To enhance the voltage profile as a secondary objective in the radial power system, the aim is to minimize the total voltage deviations at the load buses. This objective function is typically formulated mathematically and expressed as follows [23]:

$\text{Minimize}{\displaystyle {\sum }_{i=1}^N\left|V_i-V_{ref}\right|}$ (14)

In this context, $V_i$ denotes the voltage at load bus $i$ , while $V_{ref}$ represents the reference voltage at load bus $i$ , typically set to 1.0 per unit (pu).

Strategic deployment of PV-DG units and distribution static compensators (DSTATCOM) in a test improves the voltage profile significantly. This optimized configuration supports efficient provision of real and reactive power, thereby minimizing power losses and strengthening voltage stability. The Total Voltage Variation (TVD) across the network is formulated as [24]:

$TVD=\{\begin{array}{l}0,\text{if}0.95\le V_t\le 1.05\\ {\displaystyle {\sum }_{t=1}^N\left|V_{ref}-V_t\right|},\text{else}\end{array}$ (15)

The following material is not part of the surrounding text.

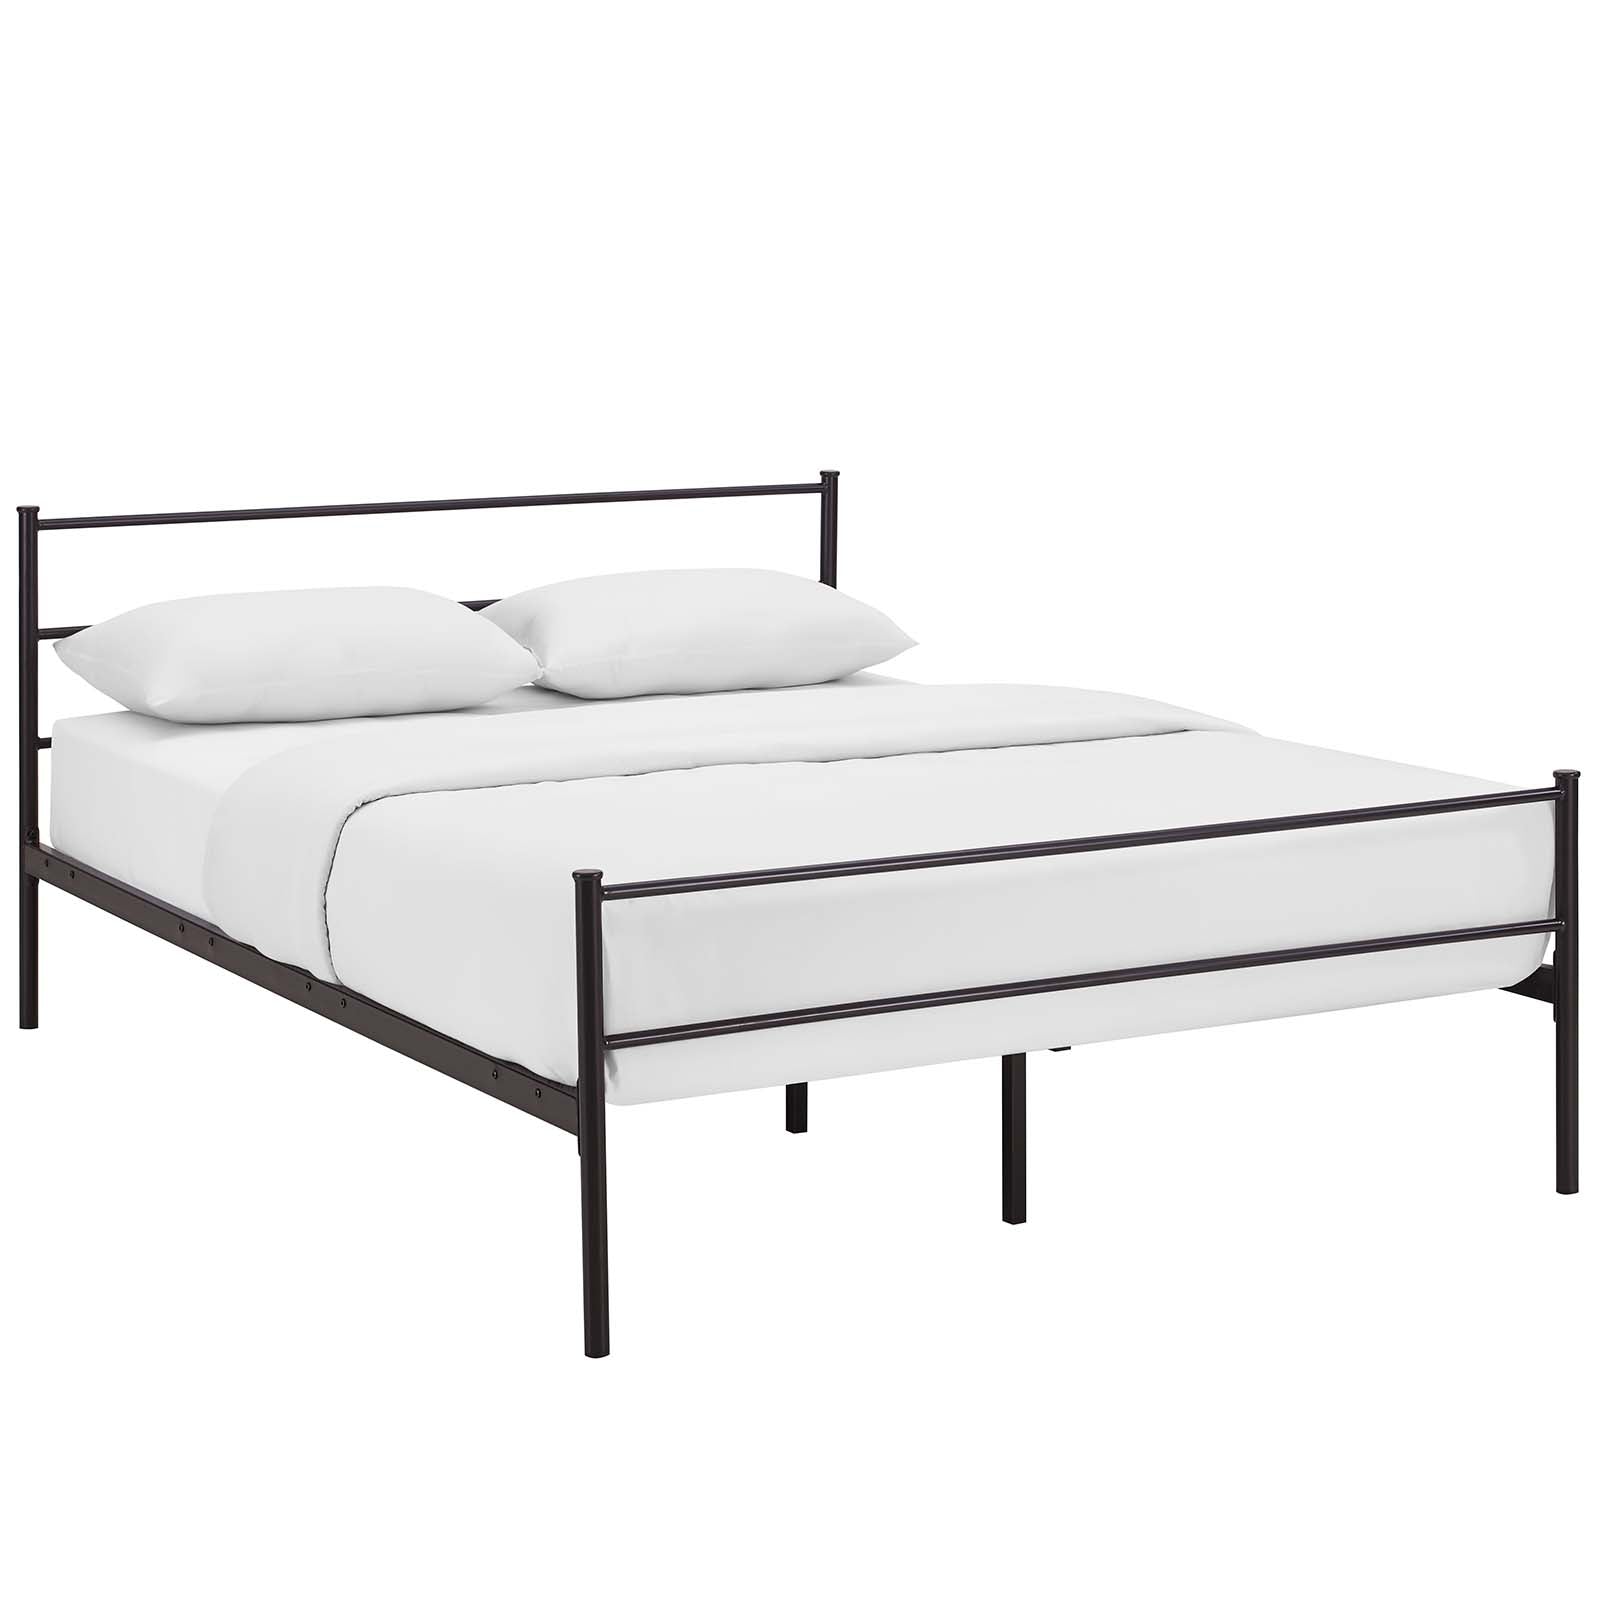 Modway Beds - Alina Full Platform Bed Frame Brown

A multi-objective function combines multiple goals to be optimized simultaneously, all within predefined operating constraints. This multi-objective function, described in [24], was designed to minimize losses while also enhancing the voltage profile and maximizing the voltage stability index. The mathematical formulation for identifying the optimal allocation of DG and DSTATCOM was as follows:

$\text{Minimize}\left(F\right)=\text{Min}\left({\beta }_1\Delta P_{TL}^{\frac{DG}{DST}}+{\beta }_2\Delta TV{D}^{\frac{DG}{DST}}+{\beta }_3\left(\frac{1}{\Delta VS{I}^{\frac{DG}{DST}}}\right)\right)$ (16)

where, ${\beta }_1$ , ${\beta }_2$ and ${\beta }_3$ represent the weighting factors associated with minimizing power loss, minimizing TVD, and maximizing voltage stability index (VSI), respectively.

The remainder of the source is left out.